4.2 Requests For Protected Data
Requests by the public for protected data made through the Connecticut Freedom of Information Act or other applicable law will be reviewed by the Vice President of Communications prior to any release of data.
5.1.1 The college forbids the disclosure of protected data in any medium except as approved in advance by a data owner. The use of any protected college data for one’s own personal gain or profit, for the personal gain or profit of others, or to satisfy personal curiosity is strictly prohibited. Every user will be responsible for the consequence of any misuse of college data.
5.1.2 Should a security breach occur, the Information Security Incident Response Team will investigate and discuss with the Chief Information Security Officer, Associate VP of Enterprise and Technical Systems and the Vice President of Information Services whether or not to escalate the incident to the college cyber insurance provider. The Vice President for Human Resources will review all matters involving college employees. The Dean of Students will review all matters involving students. The Vice President of Information Services will review matters involving individuals not affiliated with the college.
5.1.3 All individuals accessing college data at Connecticut College are required to comply with federal and state laws and college policies and procedures regarding data security of highly sensitive data. Any college employee, student or non-college individual with access to college data who engages in unauthorized use, disclosure, alteration, or destruction of data is in violation of this policy and will be subject to appropriate disciplinary action, including possible dismissal and/or legal action.

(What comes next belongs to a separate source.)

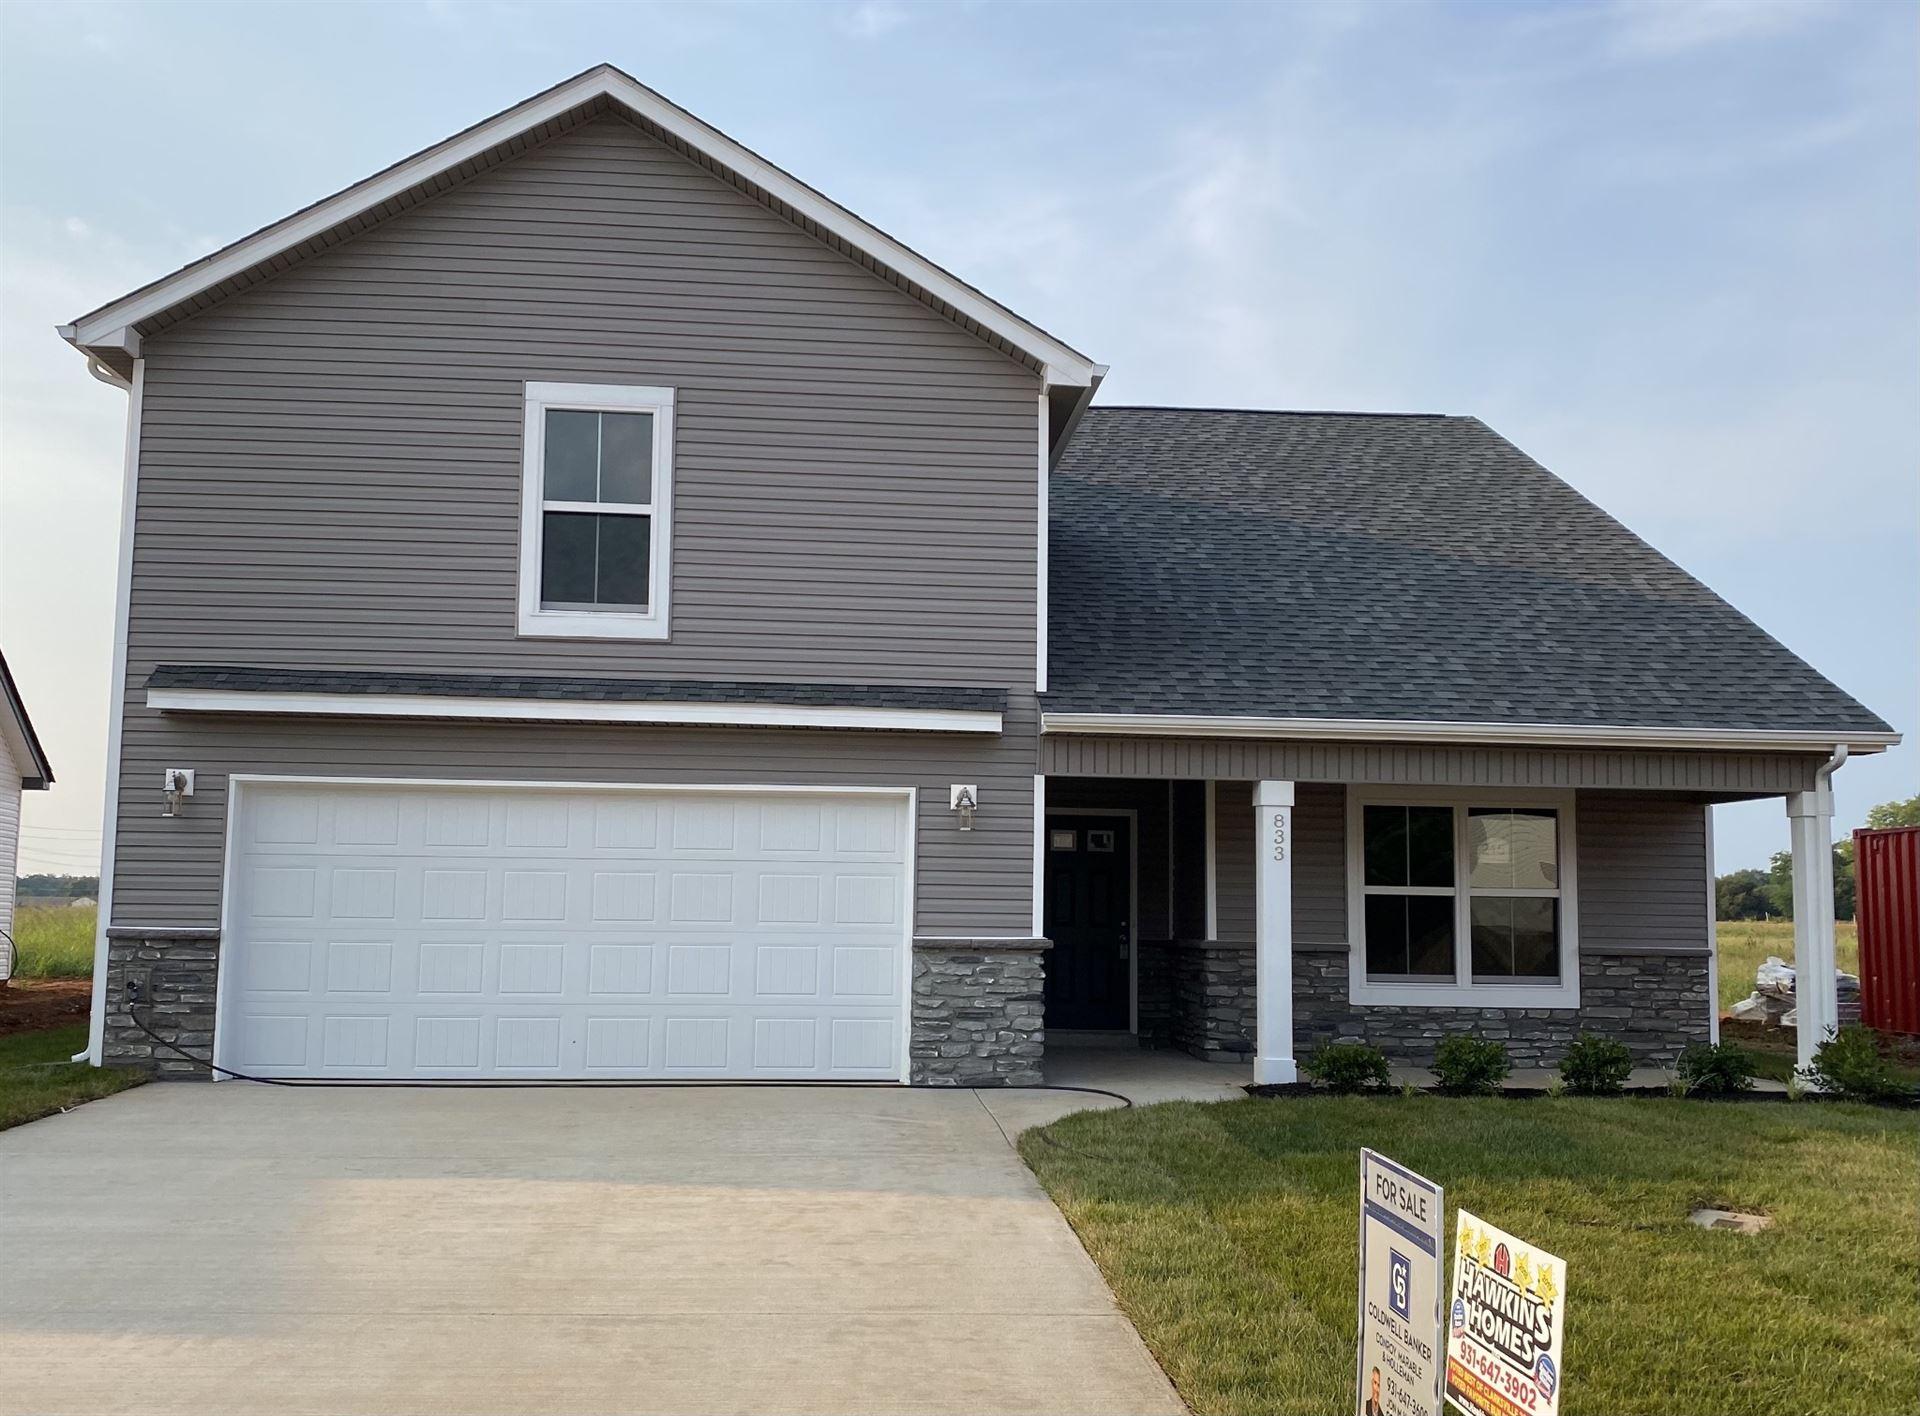 215 Mills Ctreek, Clarksville, TN 37042 - MLS#: 2262842

5.1.4 The ETS/Information Services will verify compliance with this policy through various methods, including but not limited to, periodic walkthroughs, application tools reports, internal and external audits, and feedback.
5.1.5 Any exception to the policy must be approved by the Information Security Office in advance and documented in accordance with the Information Security Exceptions Tracking procedure.
5.1.6 Non-compliance of this policy and procedures may result in disciplinary action, following the disciplinary processes of the College for faculty and staff. The Vice President of the Administration Division will determine whether to initiate the disciplinary process.
This policy was approved on 05.14.2019.